At the moment the two boys were just two friends of the same age, but that would soon change. That lunch time, while they sat eating their stew, Oliver was quieter than normal, which Jack noticed straight away.

“Not long to go now,” Jack said with a sigh. “Do you think things will be different afterwards?”

Oliver sighed and looked up. “It might do. You know what’s coming.”

Jack knew Oliver wasn’t just talking about their upcoming birthdays. This year, both boys qualified for the annual village challenge.

All the boys and girls who had turned 13 that year would be expected to compete against one another to steal a piece of gold from the dragon’s lair.

Whilst there wasn’t a prize as such, there was a lot of pride — and bragging rights at stake.

The champion was awarded a medal in a ceremony attended by all the villagers, and their name would be added to a parchment containing the names of previous winners.

There was an element of danger — sadly some children had been injured during the quest. The children could not opt out, but they could turn back before they had completed their task.

Jack had more to prove than most. His father was the chief, and a previous winner. They were big boots to fill.

There would be five children in all, three boys and two girls. Jack wasn’t very competitive at all, but he knew he would have to be if he wanted to win. He wanted to make his parents proud.

The children usually set off at dawn, with no weapons as such. All they could take was a piece of rope, a whistle made of wood, a small knife and some water. They could make weapons with whatever they found in the woods, but it was safer, if possible, to steal the gold without angering the dragon.

“It’s only a few days away,” Jack replied. “I don’t feel ready for it at all, but it’s all my parents have spoken of.”

The next days passed in a sleepless flash and, on the appointed morning at dawn, the five children stood facing the woods, armed with the approved items in a bag.

They had hugged their parents and said farewell, trying to be brave.
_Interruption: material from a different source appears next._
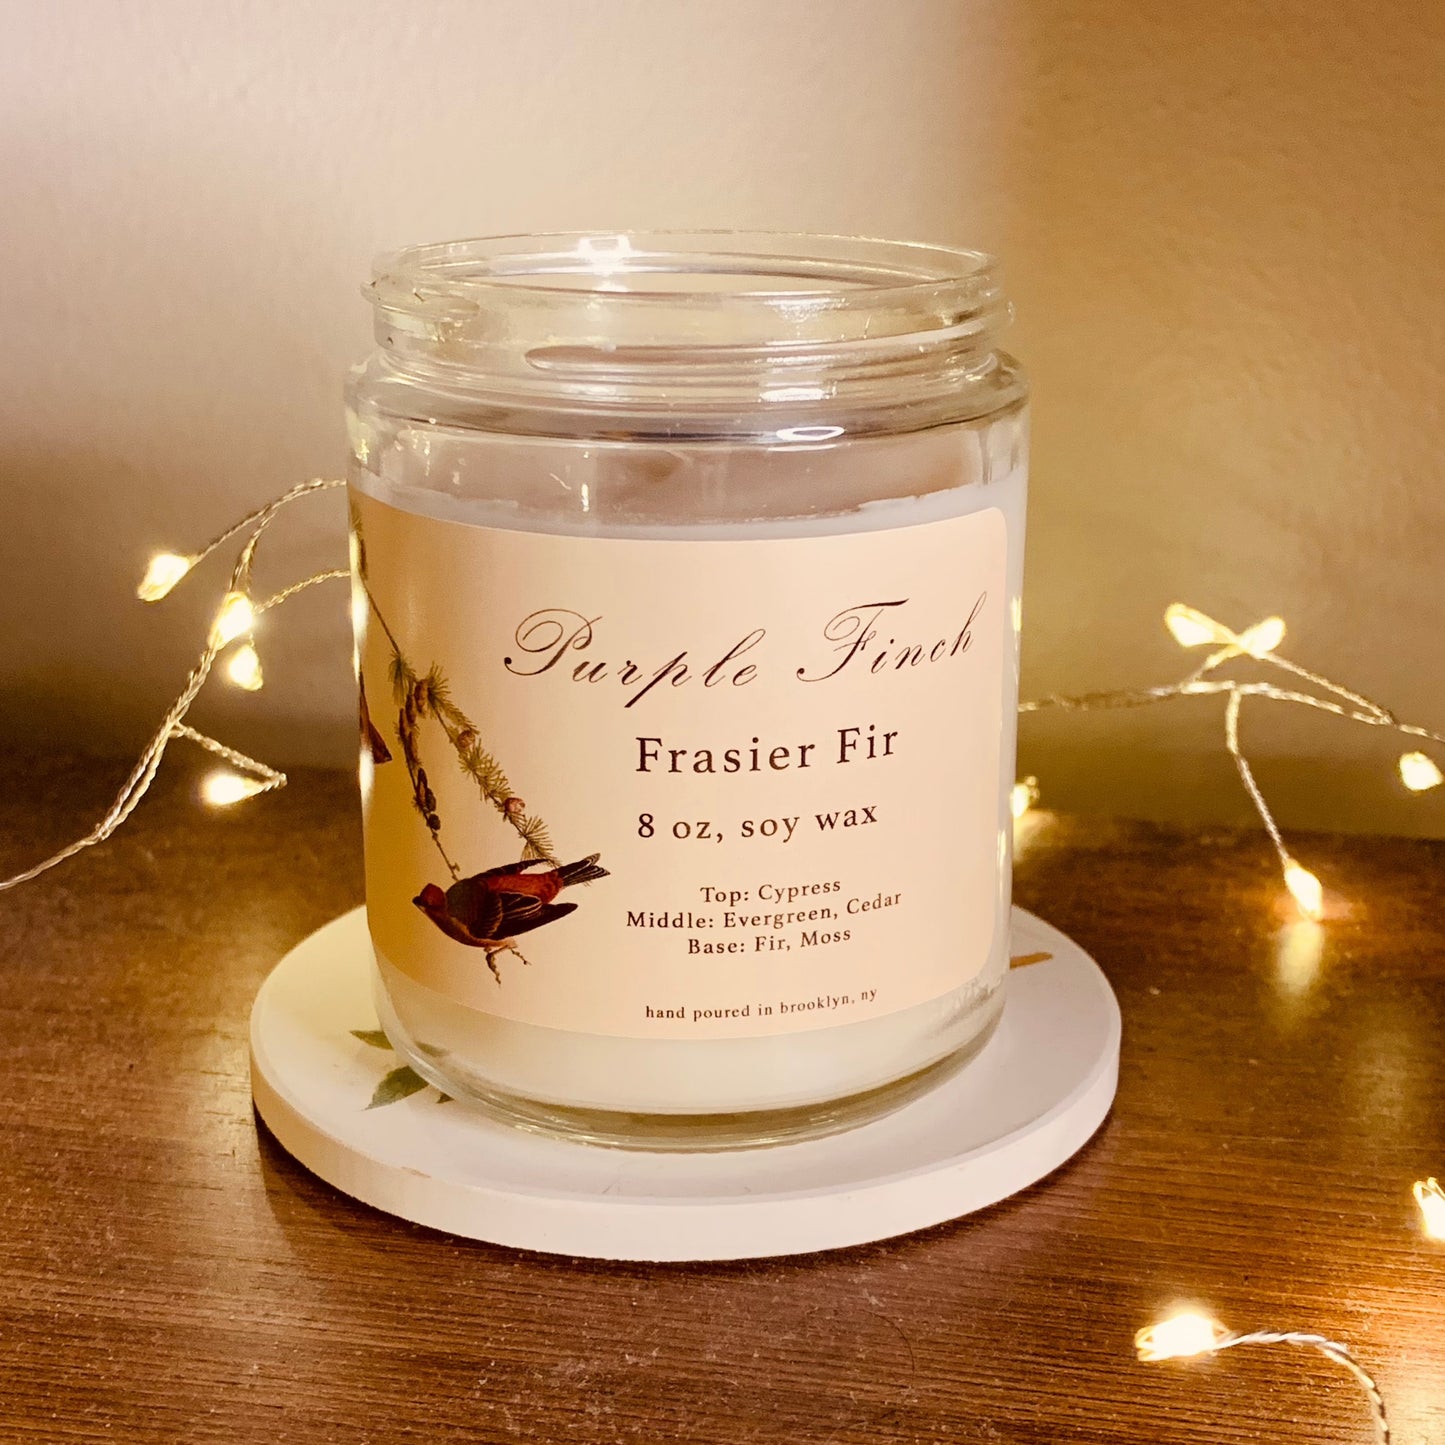 Purple Finch: Fraser Fir Scented Candle

Jack had more reason to look brave than the others, but inside he was shaking.

They set off into the woods, half excited and half afraid. Some stopped to gather sticks, but Jack and Oliver carried on. Jack wasn’t entirely sure of his plan, but hoped to steal some gold without waking the dragon.

As they neared the dragon’s cave, the other children had caught up. They all looked at each other uncertain and fearful, as a giant roar was heard. Shaking now, they saw smoke emerge from the cave.

Only Jack and Oliver remained, as the other children ran back to the village. Slowly Jack edged forward, and, as the smoke cleared, he saw a pile of gold near the opening.

Dragons are smart, and don’t like to be disturbed.

After years of being woken up and angered, they became wise to the children’s quest. Jack picked up two pieces of gold, and ran back towards his village and his future as chief.

He didn’t see the dragon watching with a smile.